Meta’s integration of AI with physical products is evident in devices like Ray-Ban smart glasses. These glasses combine video capture with object recognition, enhancing user interactions with the environment.
First-party data and privacy
In partnership with Bïrch, Meta has recently launched the Signals Gateway, a solution designed to support and accelerate the adoption of first-party data collection.
Traditionally, tools like the Facebook Pixel operated as third-party scripts—JavaScript snippets loaded from domains like facebook.com onto advertiser websites. For example, when a user visits a site such as loopearplugs.com, the embedded Pixel would send data back to Facebook, classifying it as third-party tracking from the browser’s perspective.
This approach is increasingly seen as problematic due to privacy concerns and browser-level restrictions.

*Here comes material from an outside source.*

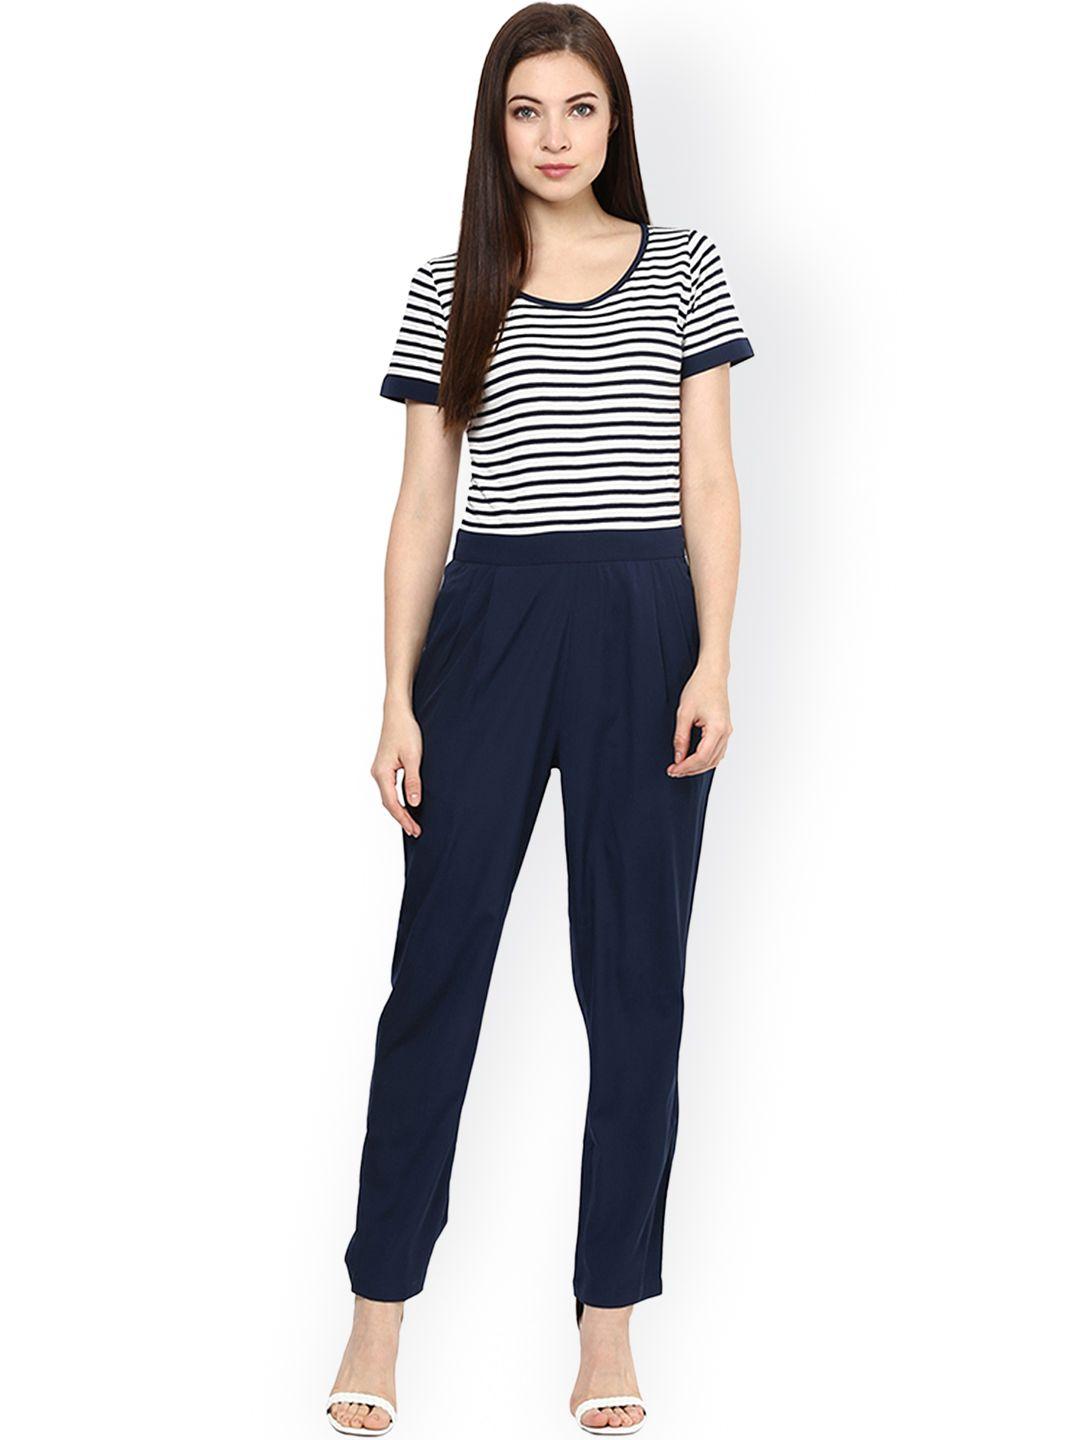 magnetic designs women navy & white striped jumpsuit

To address this, Meta is transitioning to a model where all tracking scripts and data exchanges occur within the business’s own domain. In the new setup, interactions and data exchanges happen solely between the user and the website they are visiting (e.g., loopearplugs.com), ensuring compliance with privacy regulations like GDPR and reinforcing user trust. Consent mechanisms remain in place, but the technical implementation now operates entirely as first-party.
First-party data is the future of digital marketing infrastructure. While more advanced frameworks such as data clean rooms are also on the horizon, the immediate priority is helping businesses move away from third-party tracking toward more secure, privacy-centric practices.
The road ahead
Meta's AI strategy is built around practical utility: solving real-world business problems and augmenting human capabilities. As AI tools become more specialized and collaborative, their impact will deepen across industries.
From open-source language models to agentic workflows and messaging-first strategies, Meta is shaping a future where AI is not a luxury but an integral part of business operations. The AI revolution is not coming—it’s already here.
Key takeaways
- AI is mature, not hypothetical: A decade of R&D and infrastructure spending makes today’s AI both scalable and robust.
- Open Source accelerates innovation: Tools like Llama enable customized applications without expensive licensing.
- Messaging is the new interface: Platforms like WhatsApp are now central to commerce in many regions.
- AI democratizes creativity: Automated tools make high-quality content creation accessible to all marketers.
The future is agentic: Multi-agent systems will handle complex workflows, freeing humans to focus on strategy and input.